In this notebook the necessary dependencies are imported to show the results of the Conditioning of MoCoGAN.

## Import dependencies

In the first cell the necessary models and states are imported.

In [1]:
from mocogan.models import Generator_I, GRU

print(Generator_I.__doc__)


        Constructor
        -----------
        The constructor of Generator_I takes 6 arguments, all optional.
        
        nc:         integer, default= 3
            Num channels of the image to produce.
        
        ngf:        integer, default= 64
            Parameter of the ConvTranspose2d Layers.
        
        nz:         integer, default= 60
            Number of samples for the noise.
            
        ngpu:       integer, default= 1
            Number of GPU on which the model will run.
            
        nClasses:   integer, default= 102
            Number of classes on which the Embedding module will work.
            
        batch_size: integer, default = 16
            Batch size for each argument that will be passed to the model.
            
    
    


## Explanation

Docstring has been added to the Generator_I class to make it possible to have more information about constructor and so on. 
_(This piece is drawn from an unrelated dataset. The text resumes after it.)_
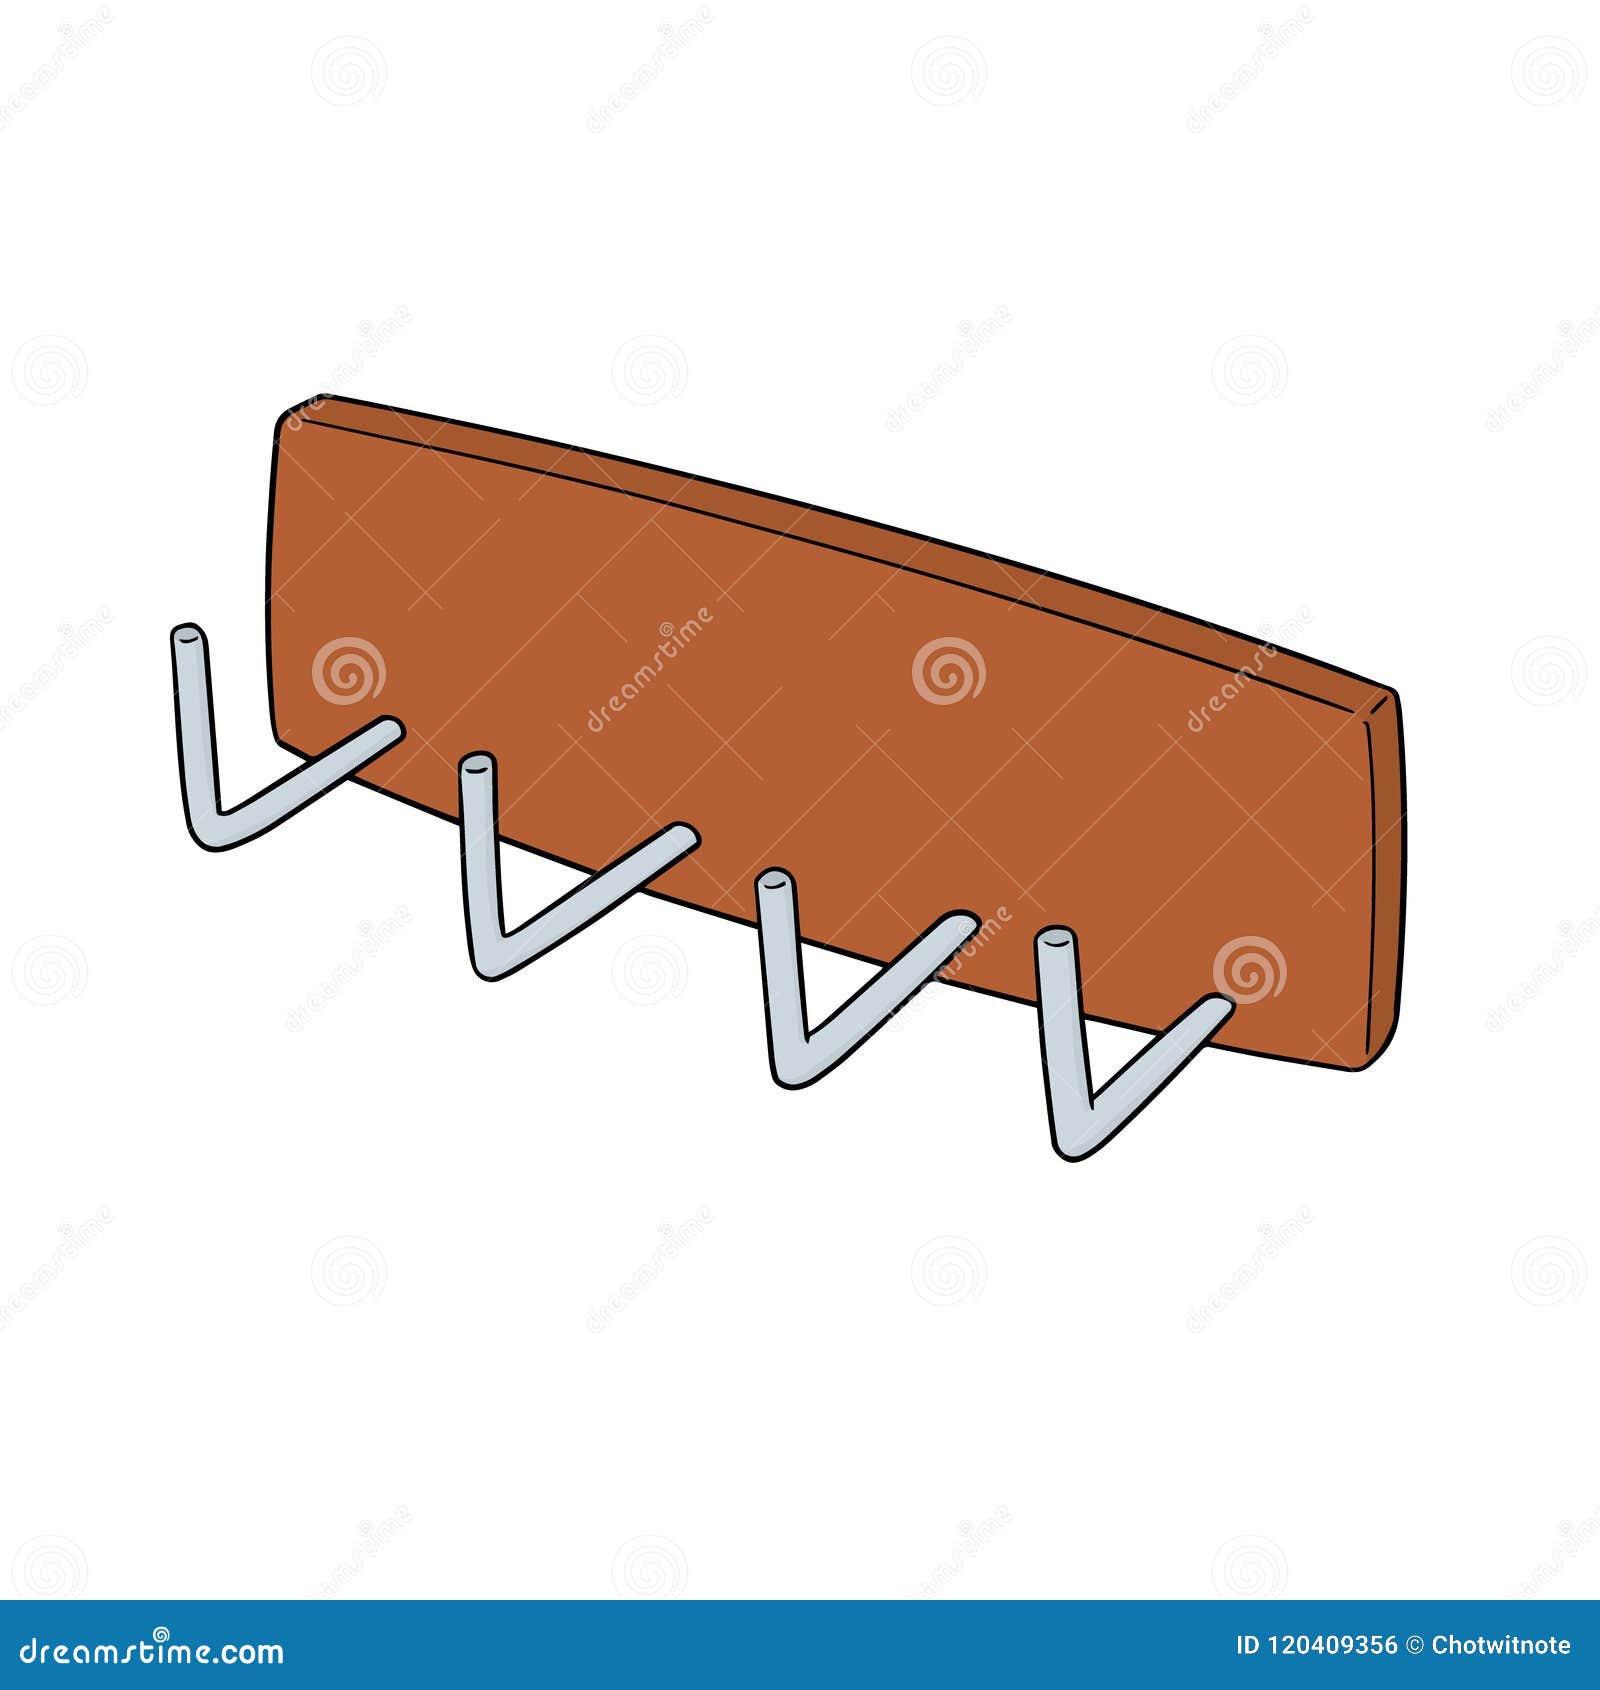 Vector of wall hook stock vector. Illustration of arrange - 120409356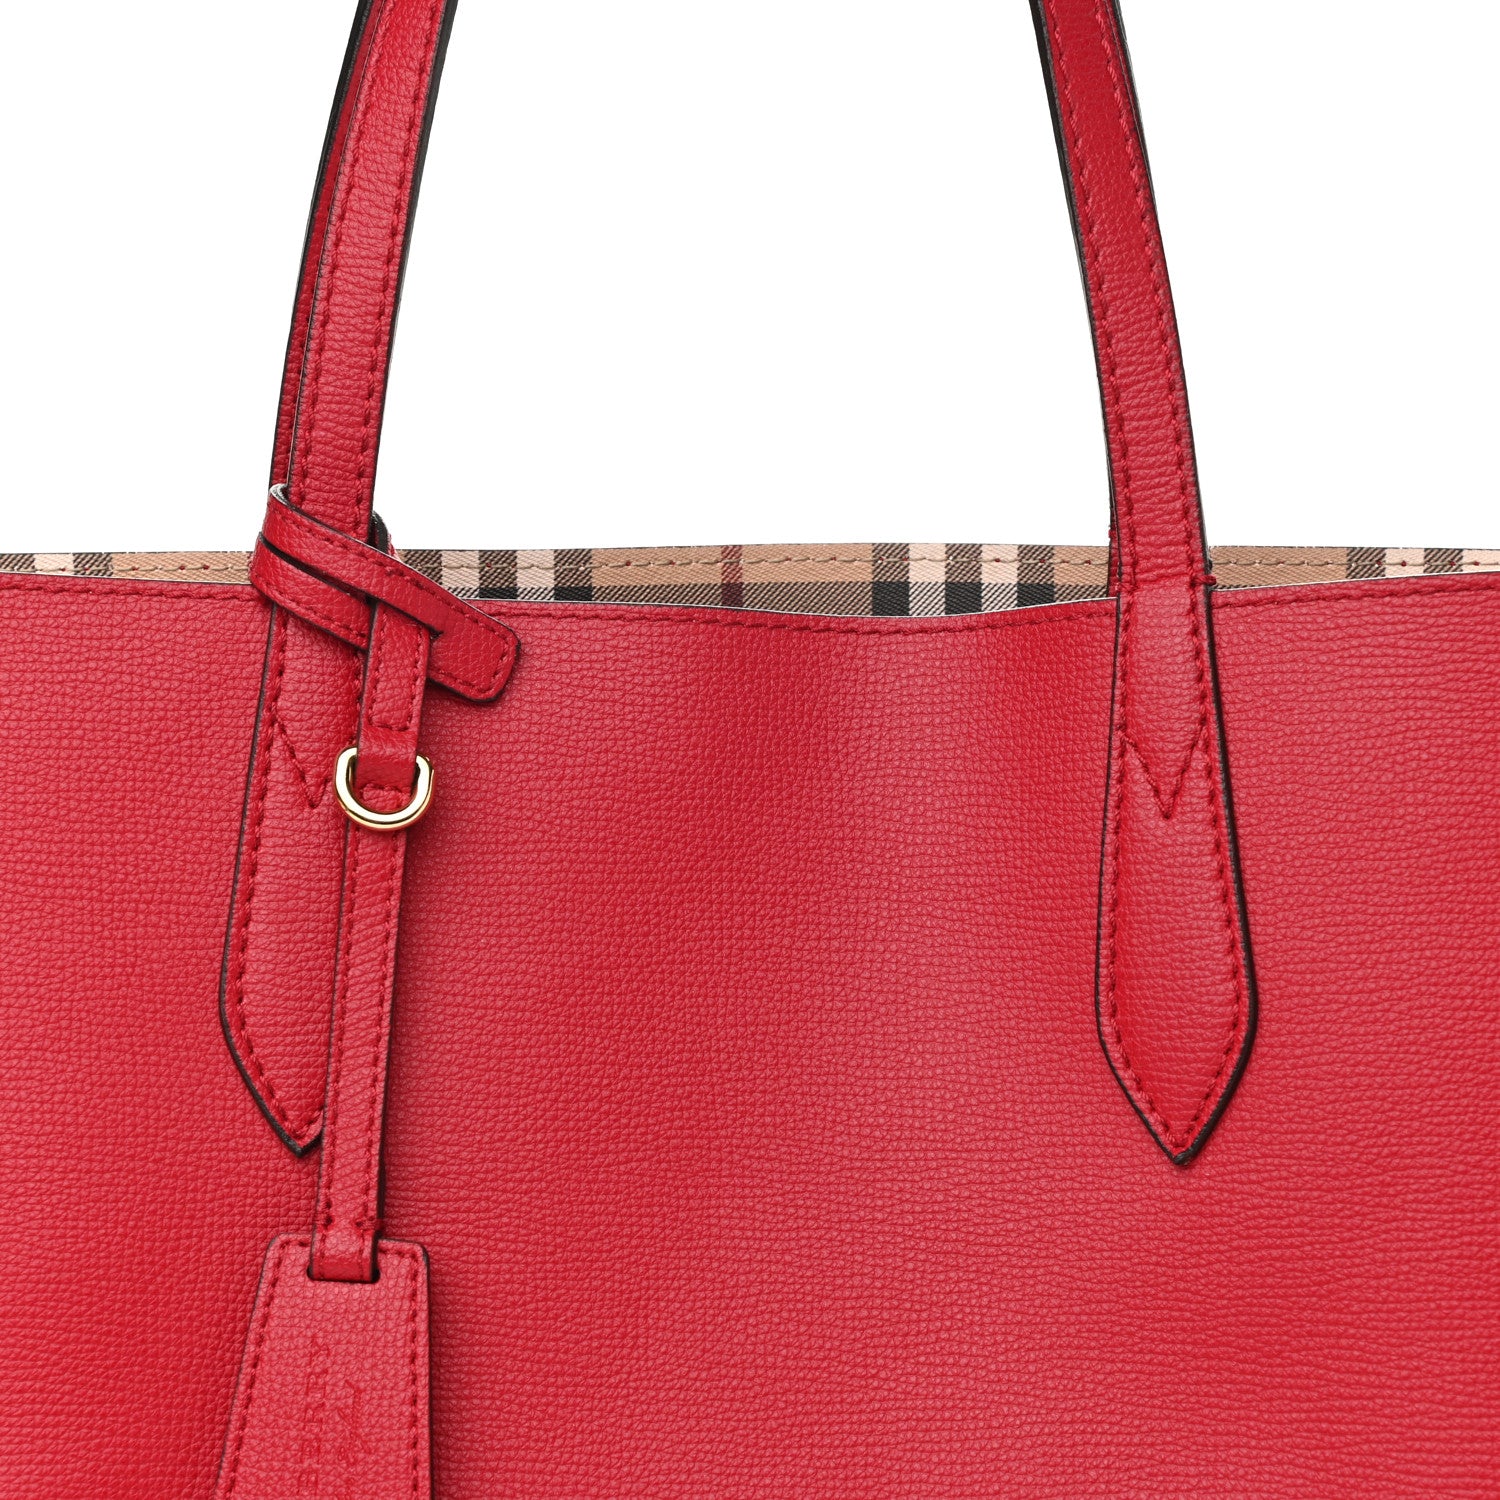 Burberry Haymarket Check Tote Bag - Red Totes, Handbags - BUR361302

As it is possible to see, all arguments are optional when working with the default parameters from the creators of MoCoGAN.

Is enough to keep default parameters apart from `batch_size` and create the object Generator_I.

Next cell will print the informations on how the model forwards information into layers.


Be aware that the `forward` method of the Generator requires two arguments: `noise` and `label`.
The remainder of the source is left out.